A Carta tem como objetivos tratar a despoluição de rios, revitalização de nascentes, lagos e lagoas, tratamento de esgoto insuficiente e também o combate ao desmatamento indevido. As discussões e elaboração da carta ocorreram durante os Encontros pelas águas, reuniões realizadas em oito bacias hidrográficas do Estado da Bahia, no segundo semestre de 2007. Participaram do evento terreiros, lideranças comunitárias e representantes da Secretaria do Meio Ambiente. A formatação do documento final foi feita pelo Conselho de Acompanhamento e Aplicabilidade das Cartas, formado por representantes de todos os segmentos envolvidos nos encontros e presidido pela equede do terreiro Casa Branca e coordenadora estadual do Instituto Nacional da Tradição e Cultura afro Brasileira, Sinha.

Para a equede Sinha, a carta “representa o nosso suporte perante as autoridades e os políticos quando podemos falar das nossas necessidades, do respeito e amor pela água, na preservação do nosso bem precioso que é a água, elemento fundamental da nossa religião. Esperamos que não fique apenas no papel.”, como consta no documento intitulado…., enviado pela SRH.  Na avaliação da Equede, a Carta é um instrumento para a concretização dos sonhos das comunidades tradicionais com relação à água.

O diretor-geral da SRH, Júlio Rocha “a entrega da Carta pelas Águas hoje solidifica uma vertente participativa desse governo que é concretizada no assento das comunidades tradicionais no Conselho do Programa Água para todos”.

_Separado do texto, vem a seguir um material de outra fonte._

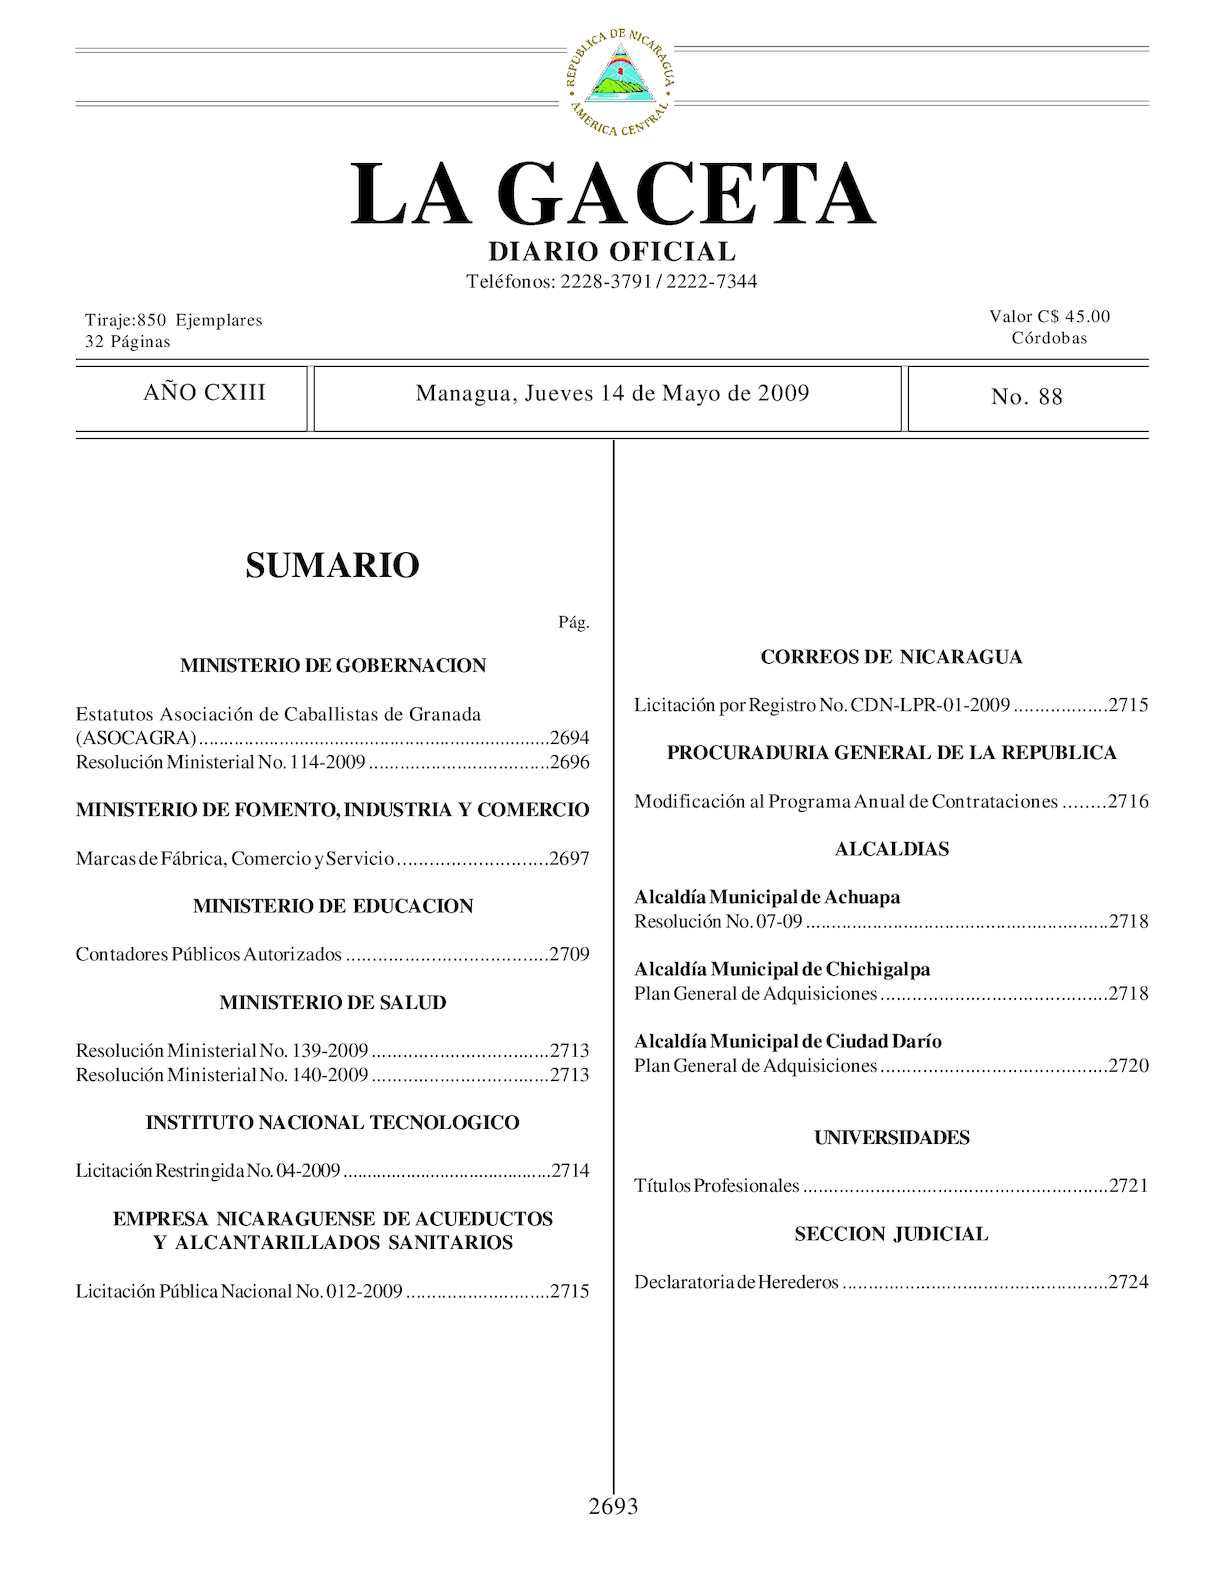 Calaméo Gaceta 88 Jueves 14 De Mayo 2009

O documento foi entregue ao governador da Bahia, Jaques Wagner, na Conferência Estadual do Meio Ambiente, que o ocorre a cada dois anos. Este ano o evento ocorreu de 16 á 18 de Março.

Documento paralelo

A Líder comunitária, Vera Lúcia, do bairro de Daniel Gomes, delegada da Conferência Estadual do Meio Ambiente elaborou uma solicitação seguida por abaixo assinado com 1.188 assinaturas. O documento foi mandado diretamente ao CRA, para o secretário do Meio Ambiente e Recursos Hídricos Juliano Matos. O documento aponta a necessidade de criação da bacia do Rio Jaguaripe, com mais de  20 comunidades envolvidas na sua criação.

Em Novo marotinho há 450 famílias, na baixa de Sete de Abril, 200, em Daniel Gomes, 670, totalizando 1320 famílias, com 7920 pessoas. Dentre os números apresentados estão adultos, crianças e idosos. “Temos aqui várias nascentes e a gente precisa fazer também uma correção do esgotamento sanitário porque o rio Cambonas, que está poluído”, relata a líder comunitária. Segundo Vera Lúcia, quando a Companhia de Desenvolvimento Urbano do Estado da Bahia (Conder) entrou no local e fez uma obra eles canalizaram o rio. “Nós tínhamos antes uma infra-estrutura. Só que, como começou a chover e entupir tudo por causa da nossa nascente, o povo começou a quebrar a rede e jogou o lixo diretamente no rio, que é o canal hoje”, comenta.

O documento pede que uma equipe técnica vá até a área, para verificar toda  água existente. Entre os projetos propostos pela comunidade, eles pedem a contrução de lavanderias comunitárias e chafarizes. O documento foi entregue no dia 8 de abril e no dia seguinte encaminhado para análise. Segundo Vera Lúcia esta é uma contribuição para a Carta pelas Águas. “É como se a carta fosse o bolo grande e nós começamos a dividir as fatias”.

Os problemas relacionados à água apontados em Salvador foram: inexistência de água potável; desperdício de água no Pólo Petroquímico, usada no resfriamento das caldeiras;falta de política de saneamento, apesar do pagamento de taxa para o tratamento de esgoto;lançamento de produtos químicos na rede de esgoto, que escoa no mar; questão do emissário submarino; destruição das áreas de restinga dos mananciais; dificuldade em elaborar políticas de despoluição de rios por esgotos; destruição indiscriminada de nascentes; falta de políticas de educação ambiental para pescadores; adeptos da região e moradores dos arredores dos rios e riachos; e derramamento de cloro e sulfato ferroso, pela Embasa, nos riachos, que servem como canais de esgoto.